Пустынное небо, тронутое зарей, посветлело, и природа пробудилась сразу и шумно: зашелестели травы, протяжно вздохнул кустарник, роняя красные, как ягоды, капли росы, и выкатился большой диск солнца. Высоко в небе парил коршун, вдруг замер, сложив крылья, и черной молнией упал на землю, упал туда, где, выбравшись из норки, в счастливом неведении грелась на солнце и дышала утренней прохладой землеройка. В следующее мгновение, широко и сильно взмахнув крыльями, он снова взвился, держа в когтях землеройку.
Провожая хищника взглядом, Воротаев сказал:
— Уж коли суждена пуля, так пусть наповал.
Кто–то закричал:
— Летят, летят!
Я слишком близорук, чтобы разглядеть возникшие на горизонте точки. Но Воротаев быстро сосчитал, сколько их, и помрачнел: не хватало двух самолетов.
Сделав круг, скользя как бы по незримому скату горы, самолеты пошли на посадку. Они пролетели совсем низко, гоня высокую траву. Аэродром наполнился грохотом и суетой, и ветер поднял сухую, красноватую глинистую пыль.
Большие сухопутные машины, издали похожие на огромных стрекоз, были все изранены. Эти рваные раны на металле как нельзя выразительнее говорили о тяжелом труде, опасностях и превратностях войны.
Пока штурманы докладывали о результатах бомбежки, затем сбрасывали грузные, неуклюжие комбинезоны, вылупляясь как бы из меховой шкуры, мы не спускали глаз с неба — не покажутся ли Кирьянов и Якушев.

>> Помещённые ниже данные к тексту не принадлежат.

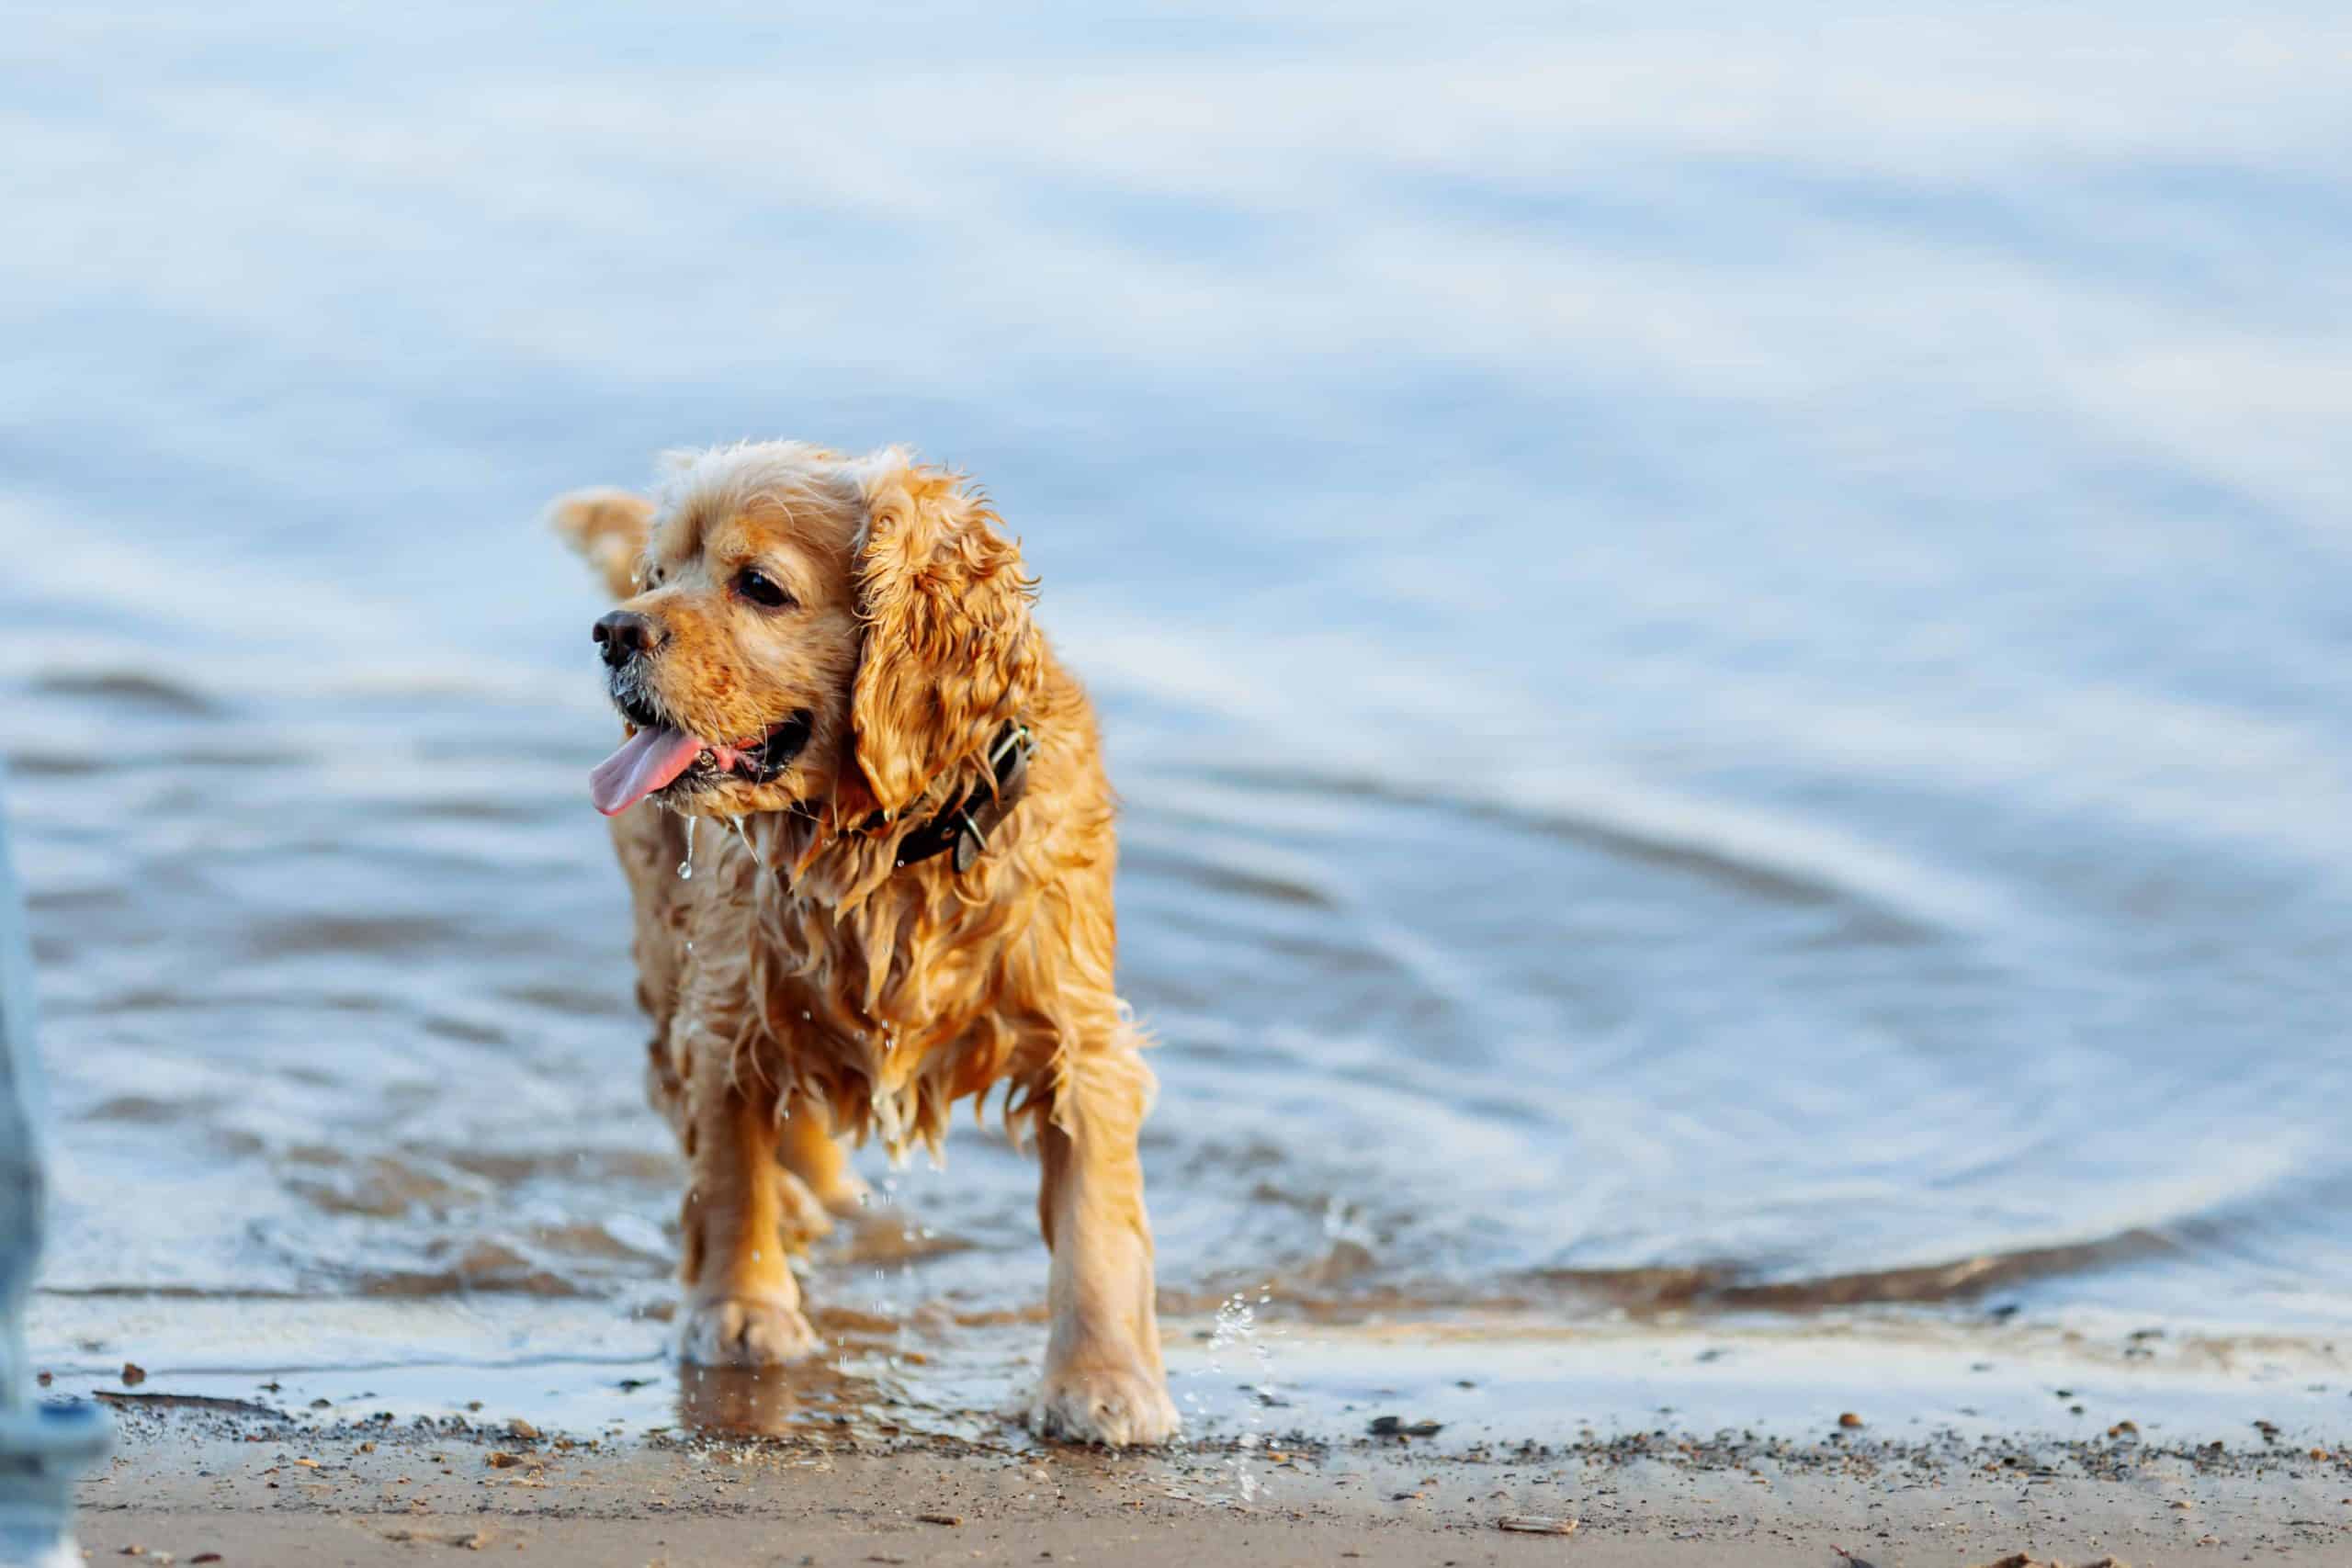 American Water Spaniel plays on the beach. Choose a dog breed that can handle heat and humidity like an American Water Spaniel, Afghan Hound, or Chihuahua.

Воротаев был молчалив и озабочен.
Было еще рано, а уже чувствовалась в воздухе близость июльской степной духоты. Еще пахло мятным холодком трав, а когда налетал ветерок, пробивался теплый запах уже разогретого песка.
Глухо, прерывисто, далеко зарокотал самолет, сообщив сердцу волнение и надежду. Самолет снижался рывками, он точно падал, как если бы им управлял человек почти в бессознательном состоянии. Оно так и было. Якушева извлекли из кабины полумертвого от потери крови. Видел ли он Кирьянова? Да, видел. Они вместе устраивали в Плоешти иллюминацию. Якушев еще пытался острить, хотя голос его едва звучал. Потом над морем на Якушева напали истребители и стали прижимать его к воде, чтобы утопить. Он уже видел, как со всех сторон сбегаются барашки к тому месту, куда вот–вот упадет его тяжелая сухопутная машина. Спасибо, Кирьянов выручил… Якушев совсем ослаб, он терял сознание. Его увезли.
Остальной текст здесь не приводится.